Pick a Card, Any Card.

Wednesday, July 8th, 2009

This story – and this one – came out the same day. The former story is important because it suggests the electorate that didn’t do its reading before November 4, 2008, is catching up now. That means the house of cards is crumbling even before its architects imagined it would. And those of us who are trying to live affordably in that house are trying to figure out why the price keeps going up, even though the place is caving in.

The latter story is important because it suggests how desperate the architects are becoming. Shanghaiing a Senatorial election in attempt to bring comic relief to disaster is intriguing enough. The possibility that the clown’s butt will hit the 60th seat too late to stop the tsunami that’s heading for the house of cards is even more engrossing. The cult of celebrity might be disastrous in its political consequences. But as a form of entertainment, it would be tough to beat if the price weren’t so devastatingly high.

Here’s the problem for the Delirious Democrats, as Professor Zelizer reminds us:

With 60 votes, a united Democratic Party can obtain cloture and end attempted Republican filibusters.

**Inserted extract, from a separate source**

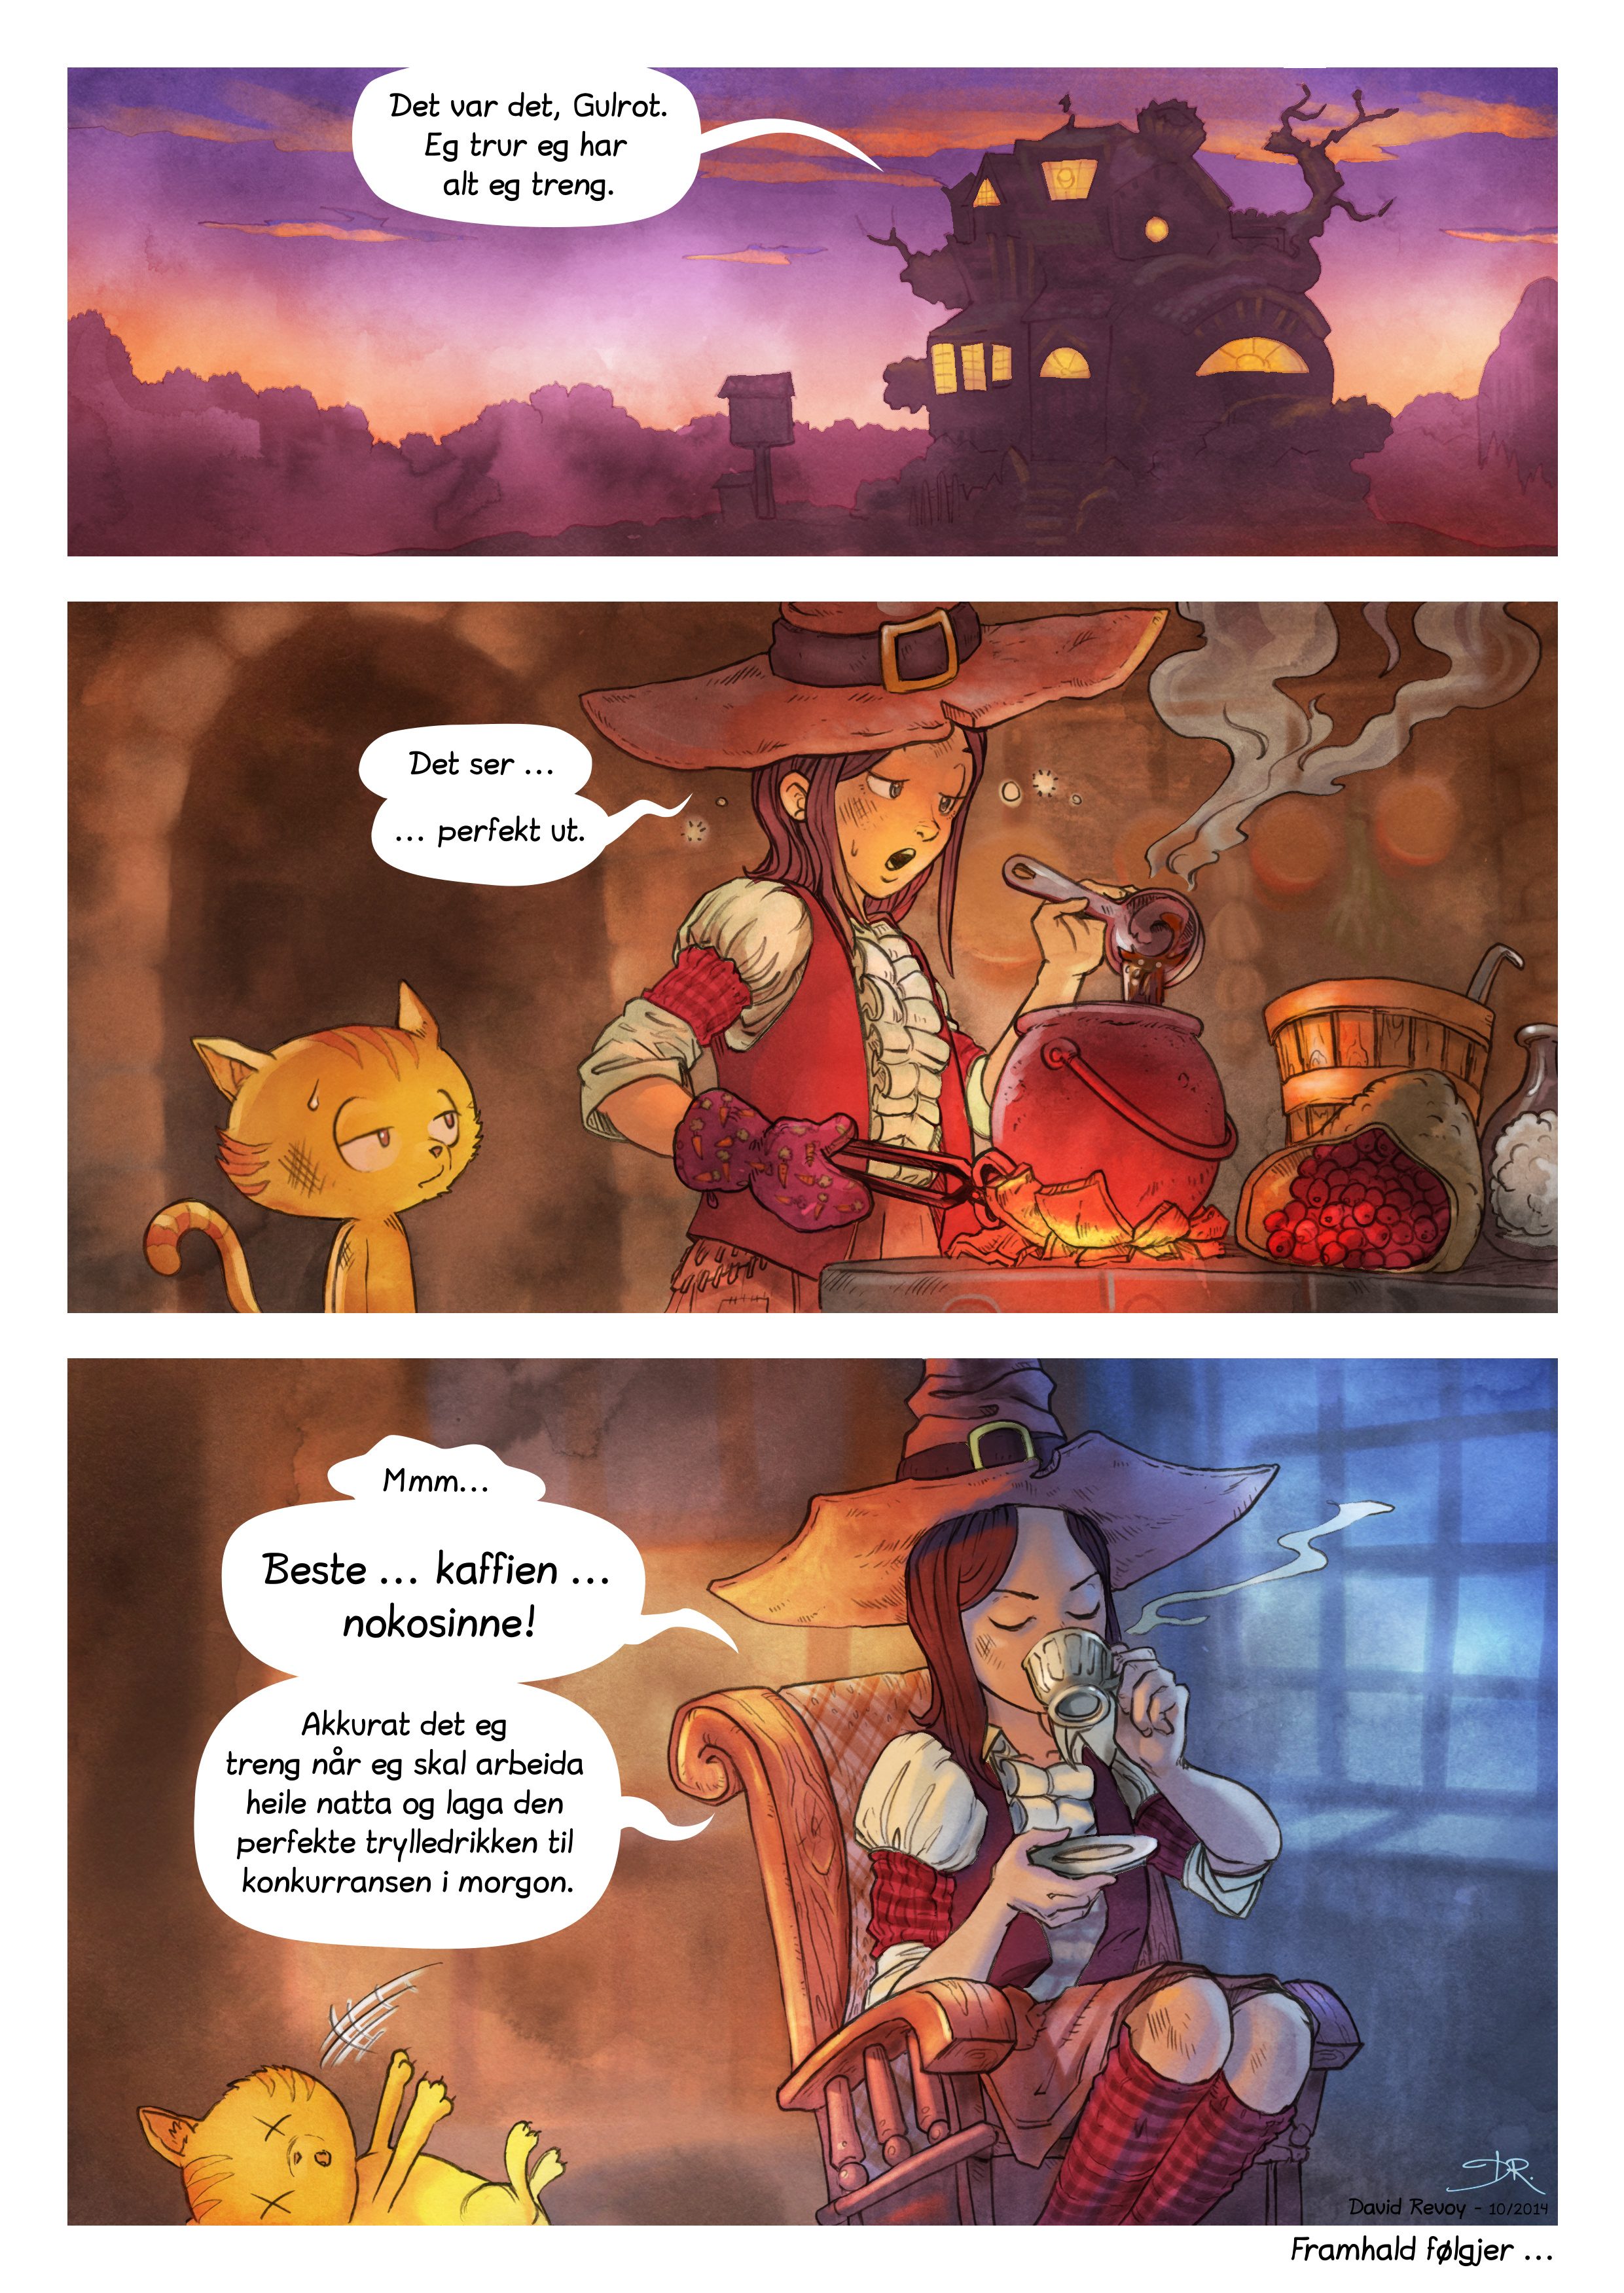 Episode 3: Dei hemmelege ingrediensane, Side 7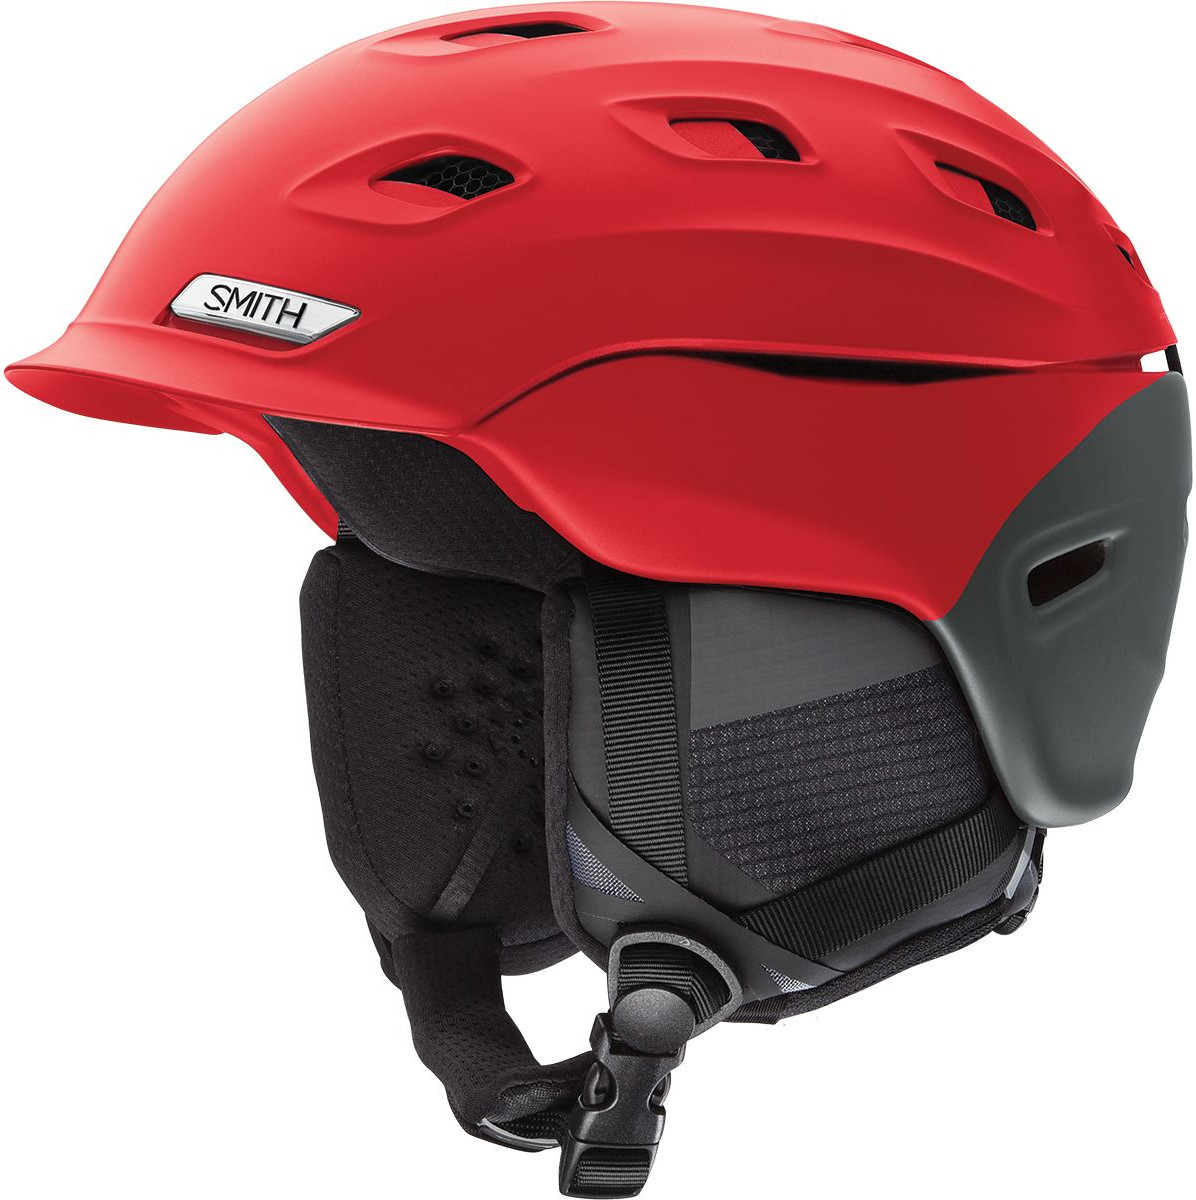 Smith Optics Vantage Ski Snow Helmet (Matte Fire Split Large) by Smith Optics

But the problem is that 60 votes does not make the Senate “filibuster-proof.” That would require 60 votes, plus Democrats sticking together.

Aye, there’s the rub. Sticking together would require the Democrats to have plans to correspond with their promises. To extend the earlier analogy: if any of the various subcontractors involved in the construction of a house are unfamiliar with the direction the house is intended to take, or what it’s supposed to look like, they consult the blueprints that all of the subcontractors share. Blueprints, to state the obvious, would be the renderings drawn by the architects to unite the subcontractors in fulfillment of the common plan. You sense where this is headed, right? Good.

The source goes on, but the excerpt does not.